Our lives are increasingly taking place online. And as a result, they’re increasingly being mediated by algorithms. Your conversations with your friends, your morning newspaper, the books you read, the movies you watch, all of this is now happening on devices and in apps. The algorithms that enable these processes behind the scenes have visibility into your entire information consumption, which enables them to build very accurate psychological models of who you are. But that’s only half of the problem. These algorithms are also in charge of managing your information diet. They select which updates from your friends you will read, which articles you will read, which videos you will watch, and so on. They have simultaneously clear visibility into your current mental state and your current opinions, and extensive access to levers to modify this mental state. And as a social animal, you are *extremely* influenceable. This is a setting in which an AI can start “optimizing” your information diet to push you in a specific direction. Which can take a political turn — this is not very different from old school propaganda, but at a larger scale and better optimized. Certain authoritarian states are probably already doing something like this, and it will only get worse as AI capabilities improve.
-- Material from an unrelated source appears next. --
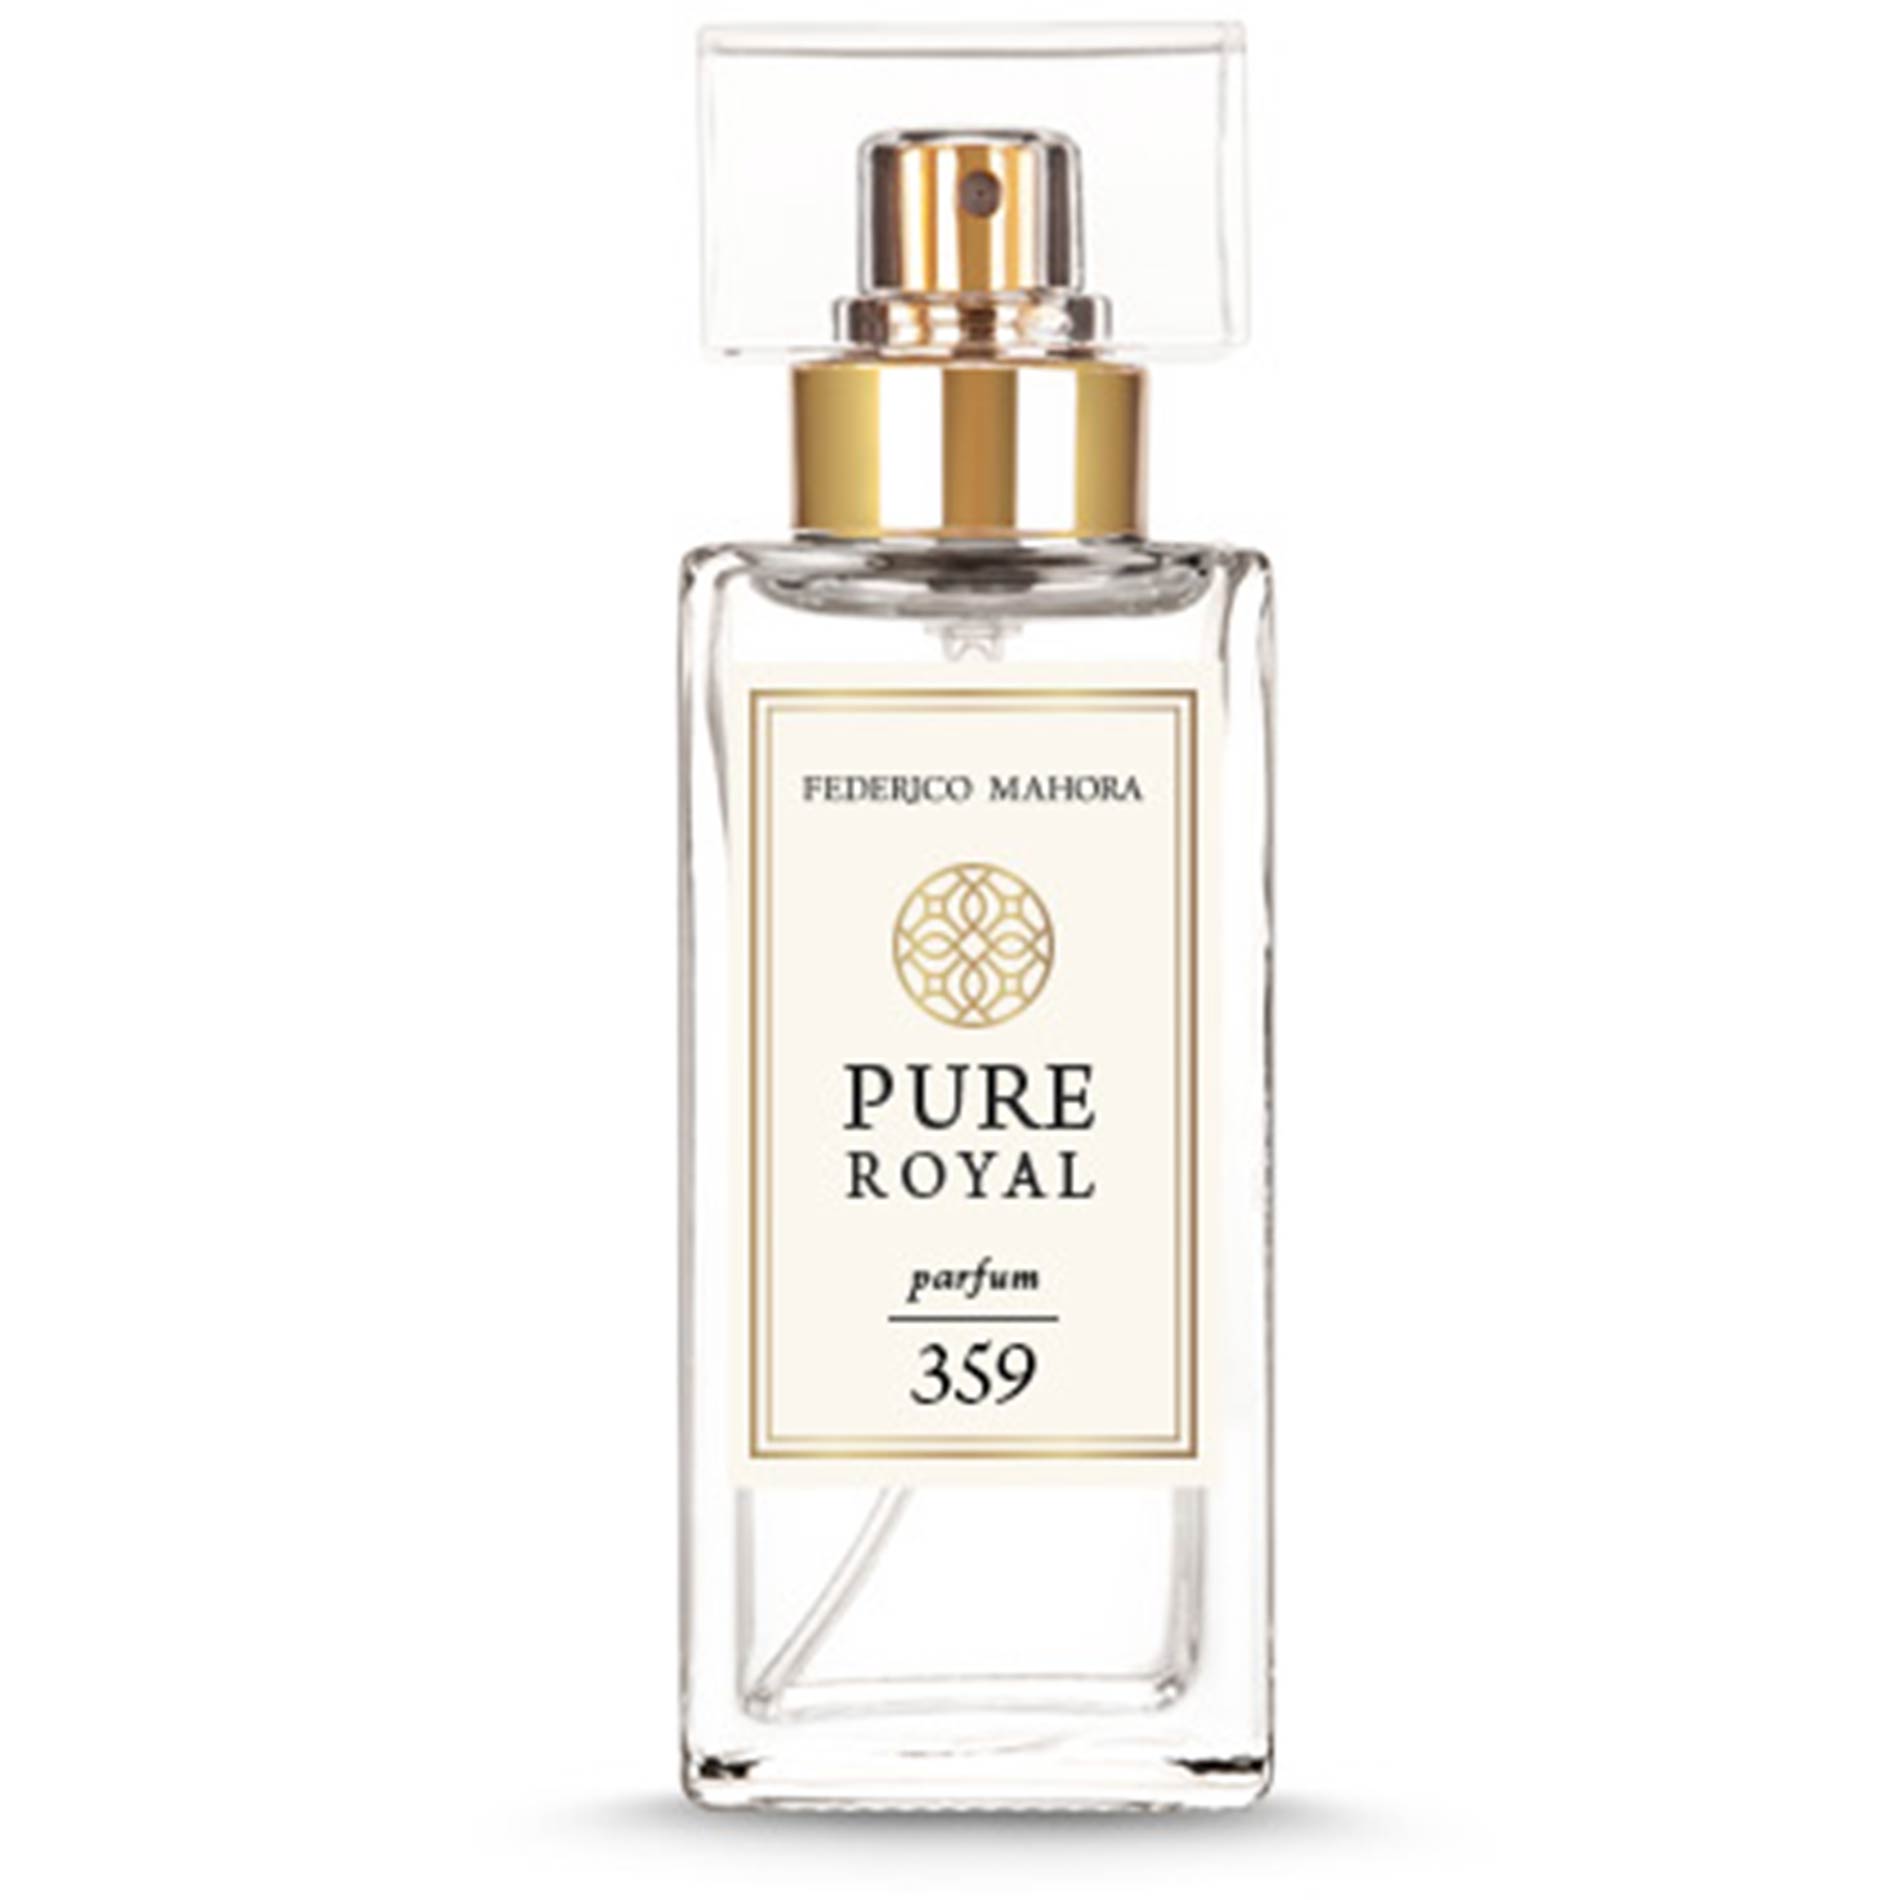 PURE ROYAL 359 Parfum Federico Mahora

In itself, having your information diet being managed by algorithms isn’t the problem. If you are in control of the direction in which the algorithm is pushing you, this is actually empowering. Control applied to oneself is free will. Just like deliberately reading a book of your choice will influence you in a way that you agree to, or deliberately taking article recommendations from a friend you trust will influence you in a way that you agree to. If algorithms can help you learn the things you want to learn and help you become who you want to be, like a caring teacher or a trusted mentor, that’s great. In general, AI has tremendous potential to help us make sense of the information around us and help us have greater control over our own lives by helping us overcome our own weaknesses. I’ve been talking about this for a decade.
The problem is when other people, including bad people, start injecting their own goals into these algorithms (for instance, getting a particular candidate elected to the US presidency). It may not even be something that is done by the creator of the algorithm: 3rd parties can sometimes hijack neutral recommendation algorithms to push political propaganda, as we saw to an extent with the Kremlin’s influence on US social media dynamics during the 2016 presidential election.
To address this, whenever we create information management AI algorithms, we should analyze whether they present the risk of being hijacked. We should preempt or patch any potential vulnerability we find. And as much as possible, we should give control to the end user over what the algorithm optimizes for. We should give users settings and knobs to adjust by themselves how they are affected by the algorithms in the products they use. We should build technology that puts people in control, not technology that controls people. The future of AI should be to become a personal mentor or a good librarian, not a nefarious propagandist.